Flughafen: Imtech macht weiter

Wie ernst ist die Lage am Hauptstadtflughafen BER nach der Imtech-Pleite? Der Eröffnungstermin wackelt nicht, sagt Brandenburgs Regierungschef Woidke. Imtech arbeitet auf der Baustelle erst einmal weiter.

Die insolvente Gebäudetechnikfirma Imtech macht auf der Baustelle des Hauptstadtflughafens weiter.
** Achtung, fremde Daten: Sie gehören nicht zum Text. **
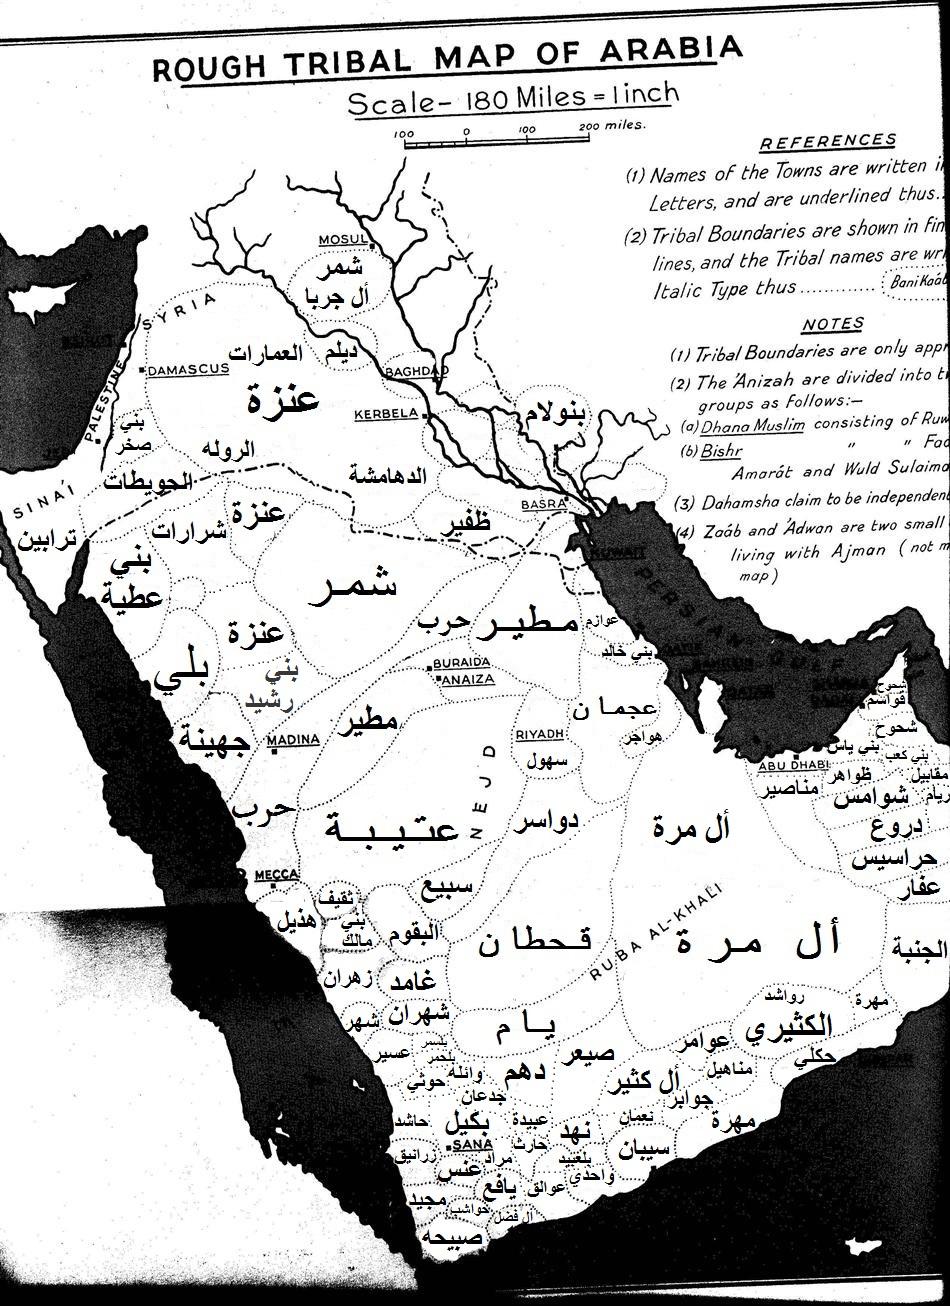 ملف خريطة قبائل الجزيرة العربية و السعودية و اليمن لمستشرق أنجليزي قبل مئة سنة وضعها المستشرق هارولد ديكسون Jpg ويكيبيديا

Der Flughafen habe am Montag mit Zustimmung des vorläufigen Insolvenzverwalters eine entsprechende Vereinbarung mit Imtech geschlossen, teilte die Flughafengesellschaft nach einer Sitzung des Projektausschusses des Aufsichtsrats mit. Der Brandenburger Ministerpräsident Dietmar Woidke (SPD) hatte sich zuvor zuversichtlich gezeigt, dass der Flughafen BER wie zuletzt geplant bis Ende 2017 betriebsbereit sein wird. "Ich sehe derzeit keine neuen Risiken für Kosten und Eröffnungstermin", sagte der Ministerpräsident in Potsdam.

In der Vereinbarung vom Montag bestätigte Imtech, seine Leistungspflichten im Bereich Elektrotechnik zu erbringen. Zahlungen für erbrachte und geprüfte Leistungen würden auf ein Sonderkonto eingezahlt, das der Insolvenzverwalter Peter-Alexander Borchardt einrichte. Imtech gehört zu den wichtigen Baufirmen auf dem künftigen Hauptstadtflughafen, dessen Eröffnungstermin mehrmals verschoben wurde. Imtech ist unter anderem für Elektro-, Sanitär- und Lüftungsarbeiten zuständig und arbeitet auch an der komplexen Brandschutzanlage mit.

Imtech Deutschland hatte am 6. August Insolvenzantrag gestellt. Der niederländische Mutterkonzern Royal Imtech wurde eine Woche später für insolvent erklärt. Eine vor zehn Tagen eingesetzte Expertengruppe des Flughafens soll nun ihre Arbeit fortsetzen und vor allem mit dem Insolvenzverwalter über die nächsten Schritte beraten. Das Risiko einer Insolvenz von Baufirmen "war und ist Bestandteil der allgemeinen Risikobetrachtung" der Flughafengesellschaft, sagte Flughafenchef Karsten Mühlenfeld.

Die Flughafengesellschaft und Siemens haben wegen verdächtiger Rechnungen die Staatsanwaltschaft eingeschaltet. Es liege eine Anzeige wegen möglichen Abrechnungsbetrugs vor, sagte eine Sprecherin der Staatsanwaltschaft Cottbus am Montag. Nach Angaben eines Flughafen-Sprechers richtet sich der Verdacht gegen Mitarbeiter der Flughafengesellschaft und von Siemens. Laut Staatsanwaltschaft muss noch geprüft werden, ob eine Straftat vorliegt. Nach Darstellung der Flughafengesellschaft wurden bei der regulären Rechnungsprüfung Auffälligkeiten entdeckt. Man habe dann Anhaltspunkte dafür gefunden, dass die Flughafengesellschaft Rechnungen für nicht erbrachte Leistungen bezahlt habe.